When an employee leaves, the organization loses the benefits of their knowledge and experience, and their relations with customers, colleagues and for example service providers. The impact of such a loss on a company’s bottom line can be substantial. Looking for a replacement is a costly and time-consuming process, and there’s no guarantee of it working out. We’re providing some hints on how to reduce the risk of valuable employees leaving by even as much as seven times!
I work with those I know
The model of hybrid work has become the standard in the post-covid world, and is predominant in over 89% of businesses). A consequence of the increased proportion of home-based work is less frequent direct interaction between staff, which significantly effects the flow of knowledge – both formal and informal – in the organization.
The analysis in The effects of remote work on collaboration among information workers (LINK) conducted on 61182 Microsoft employees shows how the mode of communication and information flow between workers changed between the period before Covid-19 and after the pandemic. It turned out that the new work model resulted in employees focusing on communication and cooperation within their own departments, while simultaneously reducing contact with other teams in the organization.
Hybrid work reduced the amount of time given to work in mixed teams. The number of interdepartmental connections dropped, while in the situation of office-based work, the number of informal contacts had been far higher. In the new working conditions, employees became more oriented towards their immediate circle and pre-established relations. The employee cooperation network became more static and siloed, and communication within the organization increasingly asynchronous. Workers were finding it hard to obtain information and share it with the rest of the organization.
I wouldn’t have left the job if…
The new conditions of work changed employees’ needs and reasons for perceiving an employer as attractive. A study by Glint in 2022 shows that a factor that has become particularly important is the quality of communication in an organization. How workers rate its clarity and authenticity has a fundamental impact on their potential motivation to change jobs.
Employees who claim to have clearly-communicated goals at work:
• plan to continue working at the company for at least two years 3.95 times more often
• think about looking for a new job 7.1 times less often
• claim 4.5 more often to be happy at work with their current employer
People who feel that they have the clear information essential for performing their work think seven times less often about changing jobs. Employees who complain about communication in the company are less satisfied with their jobs, less engaged, and more likely to look for a new employer.

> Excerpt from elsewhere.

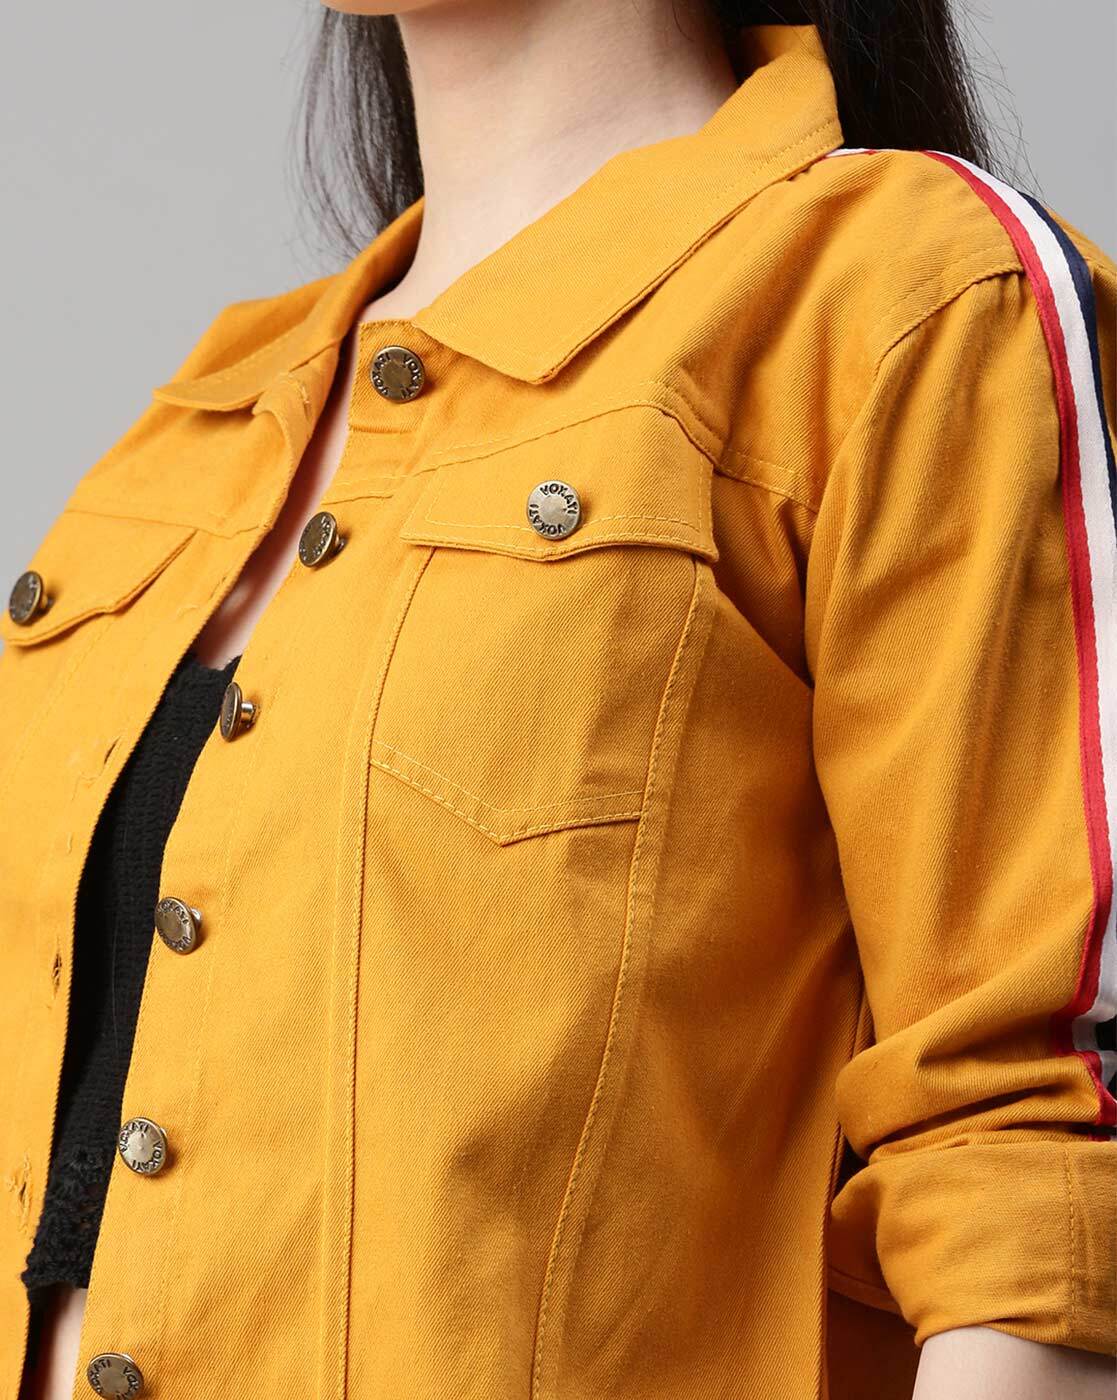 Buy Vintage Yellow Denim Jacket Online in India - Etsy

It’s not a lack of communication tools that’s the problem
The technology industry responded to the market need thus outlined. There was a whole wave of new technological solutions serving remote communication. So tool availability is no longer the problem. What is the problem is their multitude, the parallel functioning of multiple channels, the scattering of information. According to Relevance Report 2021: Workplace | Coveo, employees spend on average 3.6 hours a day searching through various data sources for the information they need to do their work.
With yet more tools available on the computer desktop, it is possible to send even more files, to display better picture quality, to conducted higher-quality conversations, to play back recorded meetings. But employees are ceasing to appreciate new technological developments, and starting to complain of being overloaded with information, and about an ever greater lack of clarity in the message or priorities in what to do.
Poor cooperation the cause, bad communication the effect
When employees are dissatisfied with the standard of communication in the company, this by no means has to mean that the reason for this is badly planned information flow, inappropriate data circulation procedures, managerial incompetence, or faulty technology. According to A Small Book on Cooperation (V.Wekselberg, Jacek Wasilewski, 2021) the cause of poorly-rated communication may lie in the quality of cooperation. In other words, the essence of the problem is not the communication itself, but rather the general issue of cooperation.
What is cooperation?
Cooperation is a social process, based on the interaction of people, teams or organizations, in which alignment is generated between individual and team goals, of the different departments of the entire organization. A key issue here is building consensus in the interpretation of what is happening inside and outside of the team, the department, or the organization as a whole.
Source: A Small Book on Cooperation, Victor Wekselberg, Jacek Wasilewski, 2021
So how to reduce the risk of valuable employees saying goodbye?
Improving the process of information flow in organizations where cooperation is not functioning as it should could exacerbate the problem. There is a risk of only that information important for the company’s growth being communicated, and of a silo approach, the pursuit of disparate goals, and divergent courses of activity becoming entrenched in the teams.
The first step on the road to improving the quality of communication should be to measure the quality of cooperation. Focusing the organization on factors with an impact on cooperation will improve the way in which its members communicate. They will begin to focus their activities on working together to identify goals. Only at this stage is it worth tackling the process of communication itself. Then it will even be possible to achieve a seven-fold reduction in the risk of valuable employees saying goodbye.